The various plumages from the oriental golden pheasant undoubtedly feature more frequently in salmon fly tying than those of any other bird.
As well as the famous neck (tippet) and crest (topping) feathers, the golden pheasant provides many other useful feathers, some of which can be put to great effect as substitutes for much rarer plumages. The tippets and topping have been used as tails in numerous iconic patterns both wet and dry.
The topping feathers vary in length and are slender and curved. They are a bright translucent golden yellow in colour. Although for tails and toppings, a whole crest feather is used, is tied in curving upwards, and the topping tied over the wing downwards to meet the tip of the tail and the wing in most instances. There are a few Atlantic salmon patterns that the whole wing is constructed entirely of them.
The orange and black barred tippet feathers are used in small bunches for tails not the whole feather. That being said, the whole tippet feather is used as the wing base in many Atlantic salmon flies. These cannot be ‘married’ with the fibres from other feathers, so tippet feathers are tied in before the rest of the wing. These whole feathers are used ‘back to back’ for the wings as such famous patterns as Durham Ranger and Orange Parson.

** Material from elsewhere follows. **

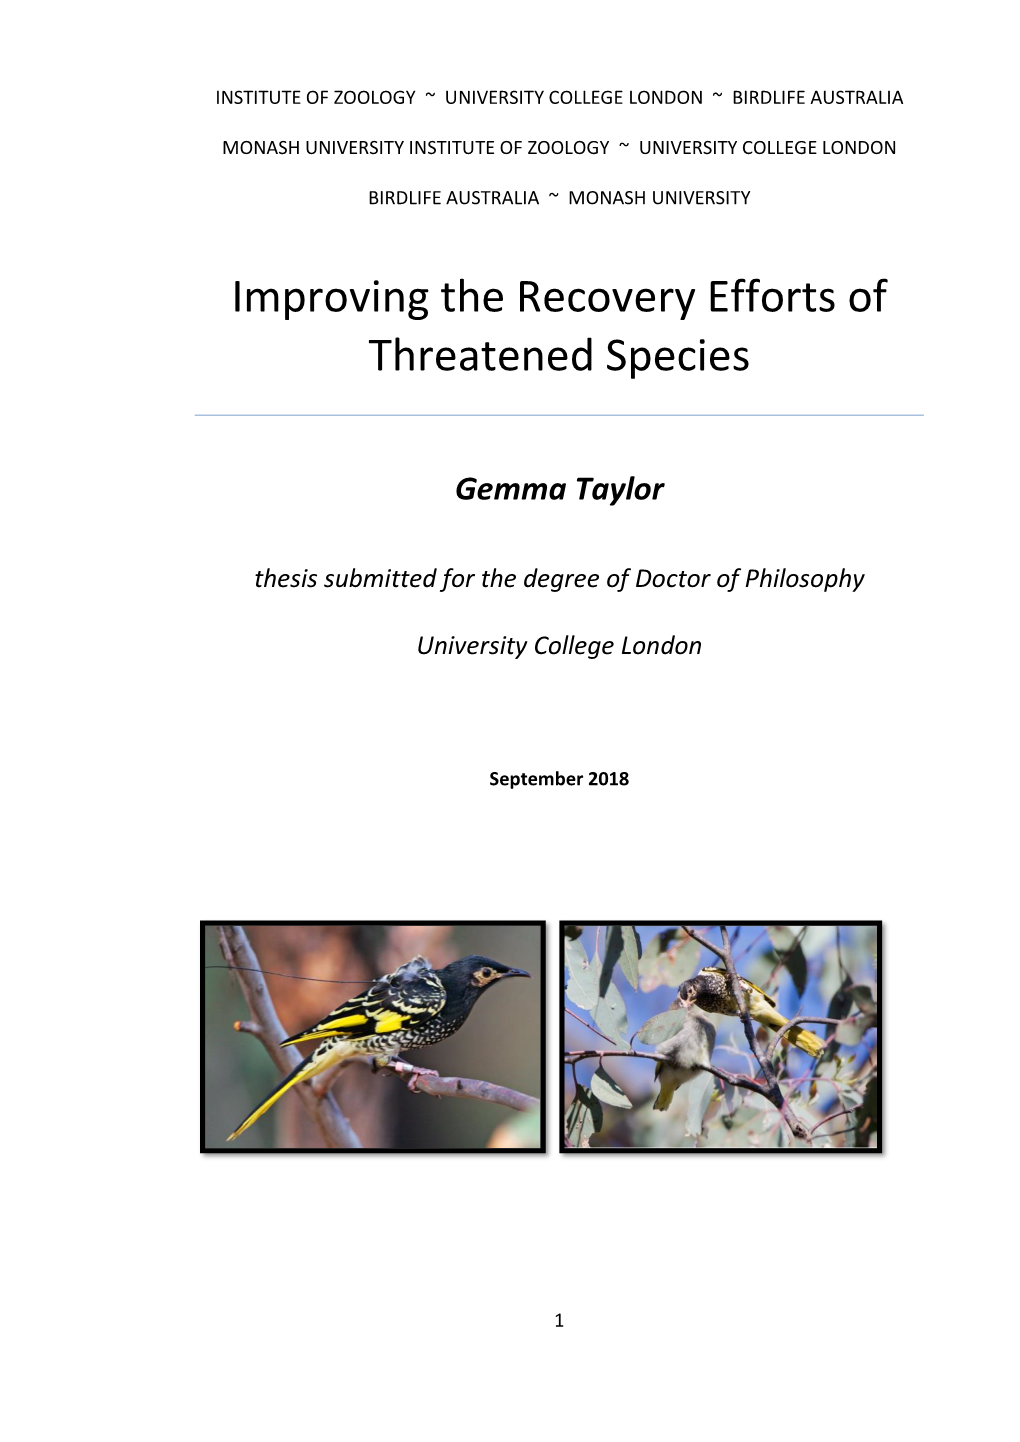 Improving the Recovery Efforts of Threatened Species

These magnificent birds have been domesticated and are eaten in the far east. There are feral populations in Europe. The plumage is thus plentiful and relatively cheap.
The red and yellow Golden pheasant body feathers are used in many shrimp and prawn patterns as in the famous ‘General Practitioner’ while the bright red spear feathers from the base of the tail are used as feelers on some prawn imitations. They can also make a fine substitute for Spey hackle.
Golden pheasant tails
The tail is marked with irregular dark brown barring over a tan background and again is found in the dressings of many mixed wing Atlantic salmon flies. The fibres from the tail ‘marry’ well with the Forbes from other feathers. The tail feathers have to be purchased in ‘pairs’ as there is no true centre tail feather on the tail of the golden pheasant. This means that the fibres on one side of the tail are shorter than those on the other side. It is frequently specified as a substitute for Florican bustard. Full skins, without tail or head, are available cheaply. The crests and tippets are so frequently used, that there is little sense in buying other than a full head and neck.
The head and neck and whole skins are also often dyed into bright reds and orange to give patterns that extra something.